# Filter problem



## Elliott225 (Jan 9, 2014)

I got a problem and cannot find the cause. Maybe someone can think what is causing this. 

I'm using a Fluval 406. I am getting air into the canister and it is causing (1)loss of flow, (2) impeller rattle, and (3) air in the out-flow when I get it flowing again. 

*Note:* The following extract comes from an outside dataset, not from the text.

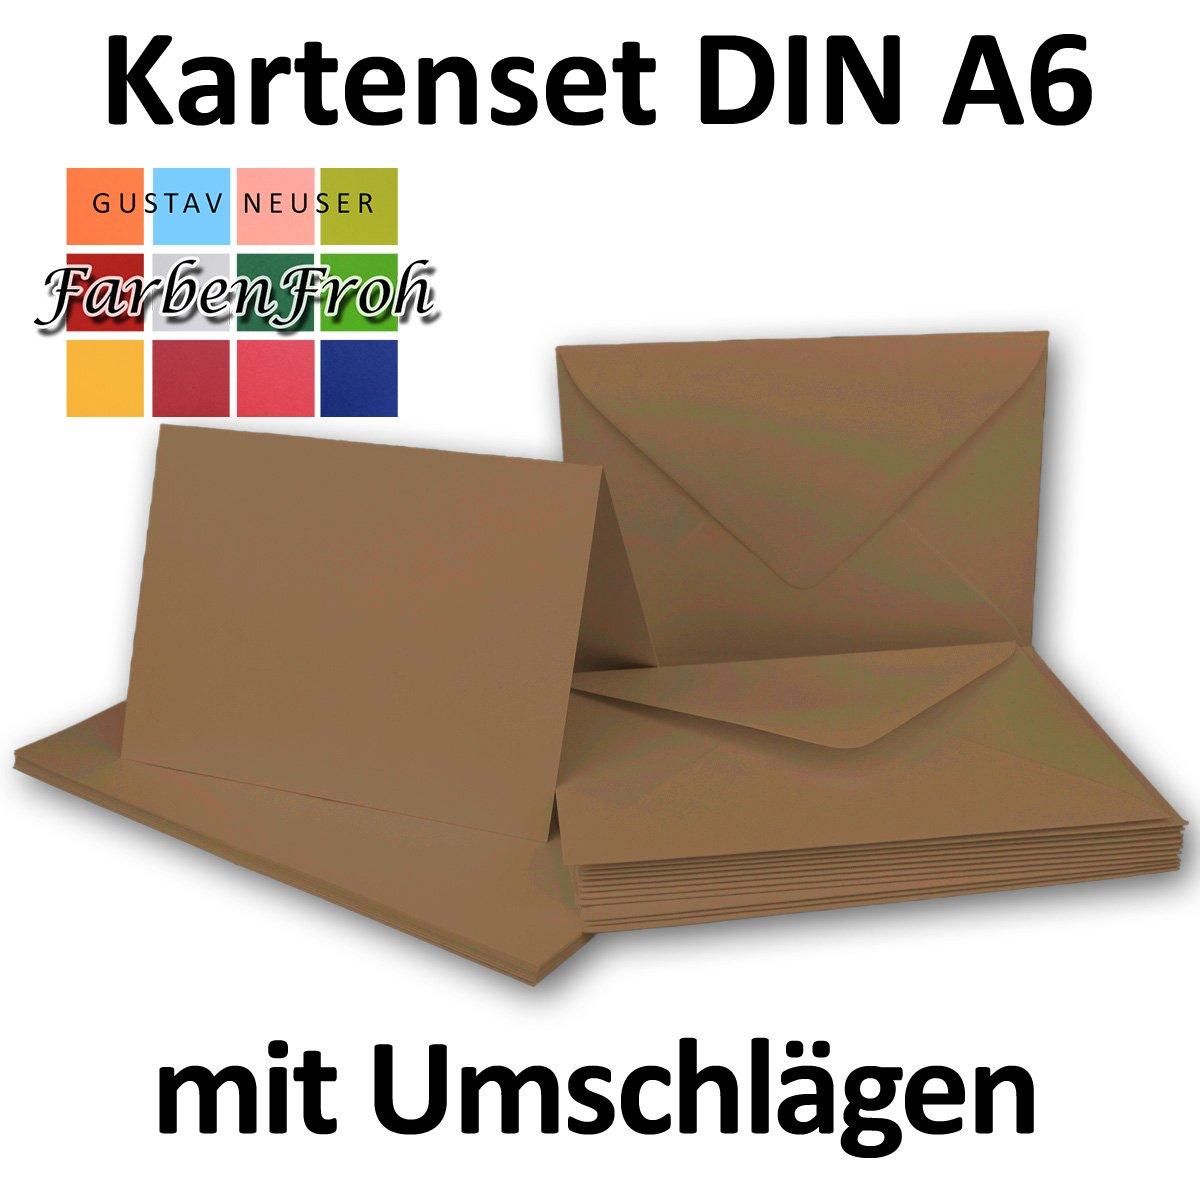 Faltkarten Set mit Brief-Umschlägen DIN A6   C6 C6 C6 in Rosanrot   100 Sets   14,8 x 10,5 cm   Premium Qualität   Serie FarbenFroh® B07B2X5DZF | Luxus  4ff025
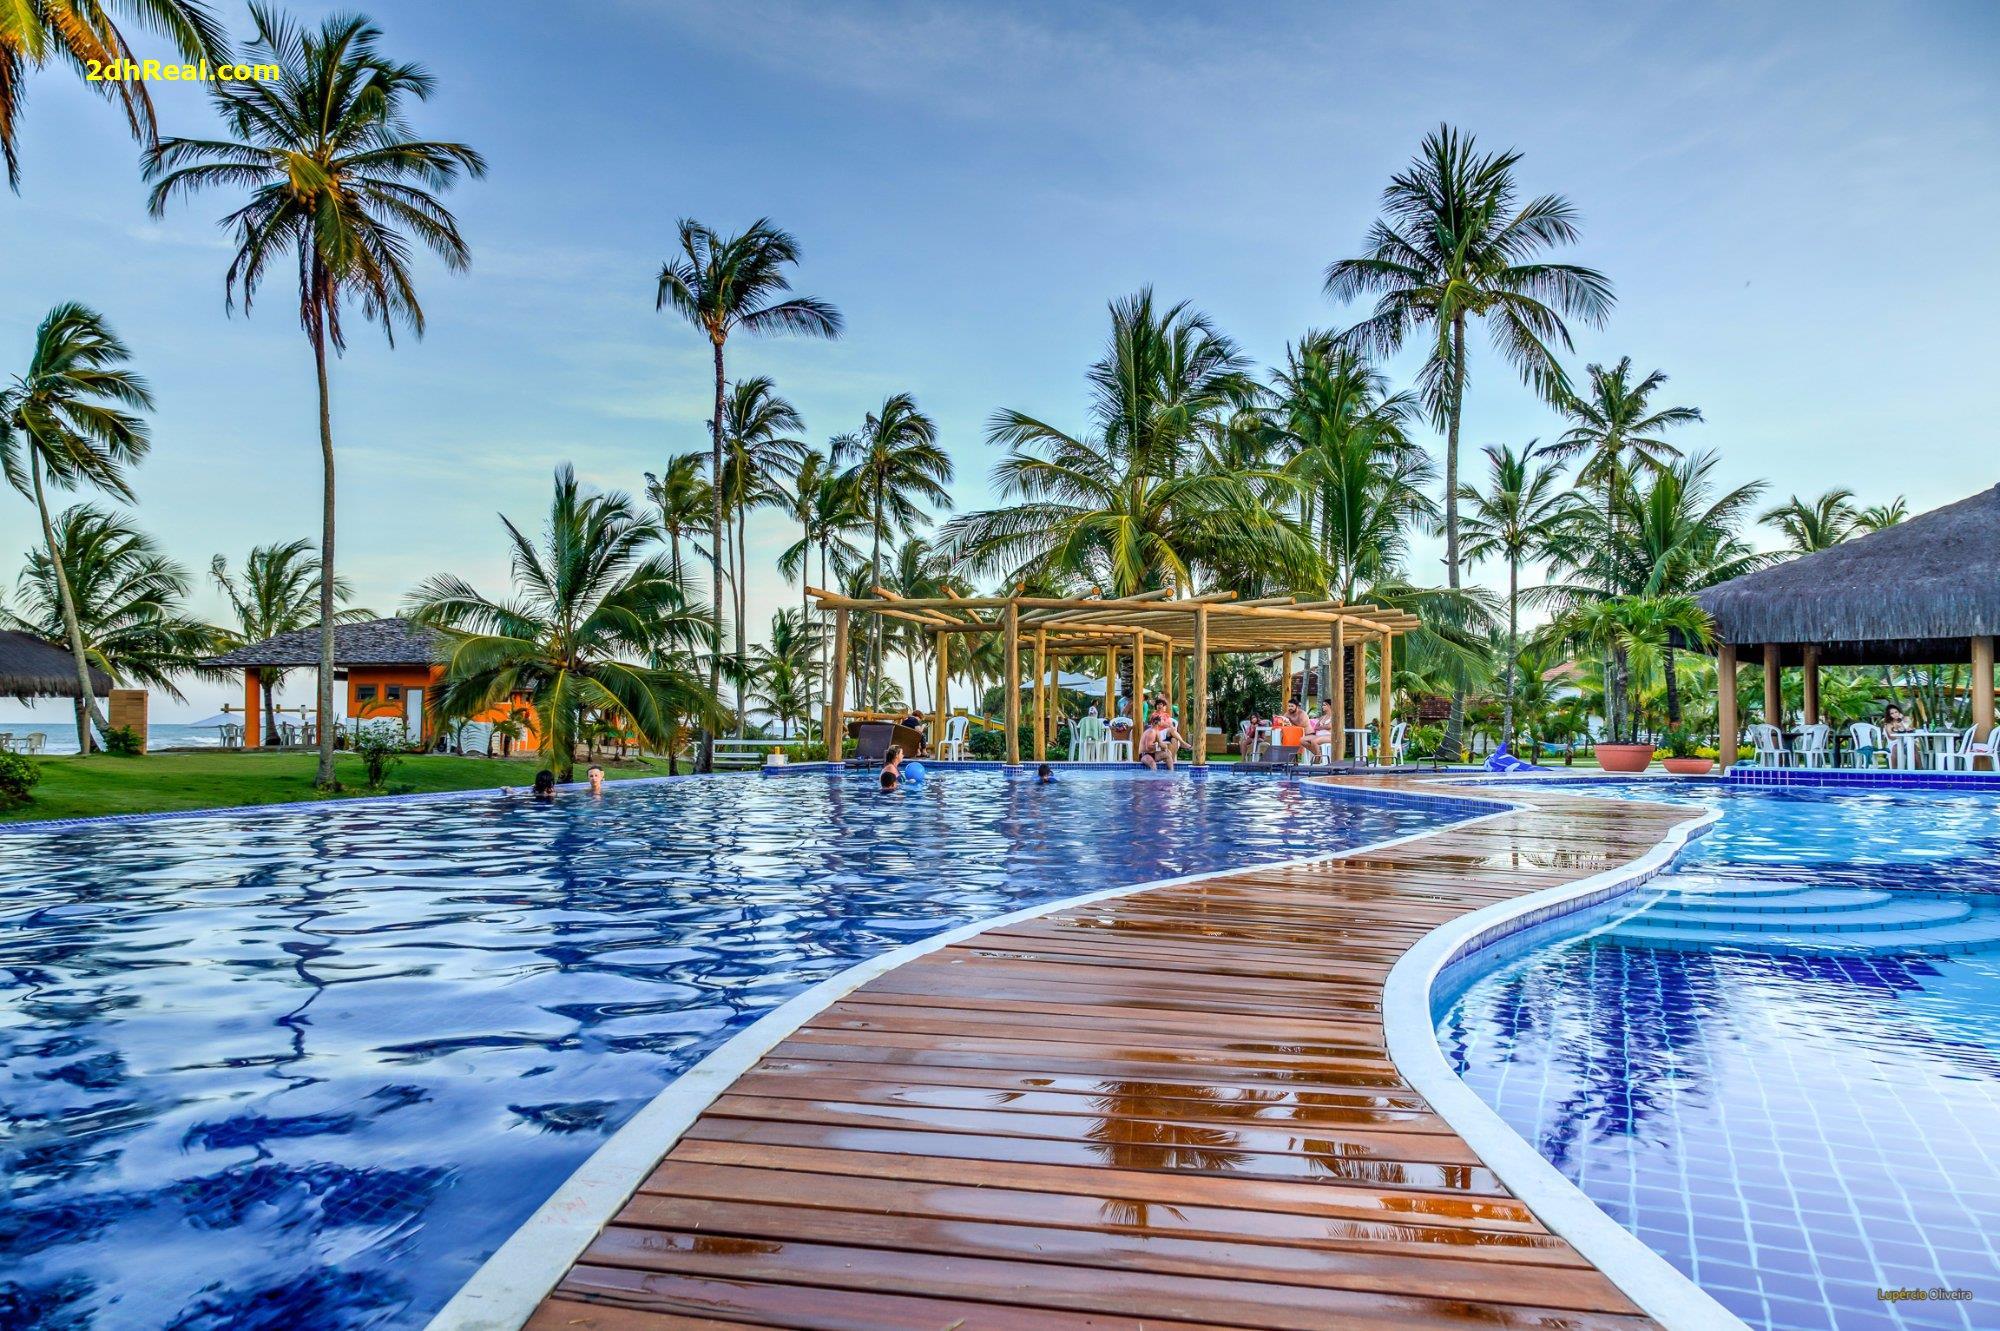 Bán Resort 5 sao 2,3 hecta tại Huyện Phú, Tỉnh Kiên Giang

I have no water leaking from the canister. I have checked all hoses to see if any are sucking in air. I did have the hoses long but I shortened them so is straight from the tank to the in-flow and the out-flow. Everything is perfect except for the air pockets. 

It's making me crazy.


----------



## Mugwump (Aug 7, 2015)

..try turning it upside down and gently shaking it....you may just have gotten air pockets in the trays when cleaning and replacing...??


----------



## Elliott225 (Jan 9, 2014)

Shaking it helps but didn't stop it. I'll turn it upside down and see.


----------



## emc7 (Jul 23, 2005)

You can try putting a silicone grease on the seals or replacing the seals (generally a good idea every few years). Look up your specific filter and make sure you have all the parts and they are in the right place. A small hole or gap anywhere can cause air to suck in without leaking water out.


----------



## Elliott225 (Jan 9, 2014)

Ahhh the seal.


----------



## emc7 (Jul 23, 2005)

Check the O-ring, its easy to get out of place. Consider this: http://www.amazon.com/Hagen-Fluval-...8-5&keywords=fluval+406+canister+filter+parts


----------



## Mugwump (Aug 7, 2015)

emc7 said:


> Check the O-ring, its easy to get out of place. Consider this: http://www.amazon.com/Hagen-Fluval-...8-5&keywords=fluval+406+canister+filter+parts



Good idea....if they're not seated properly they pull air through the system...


----------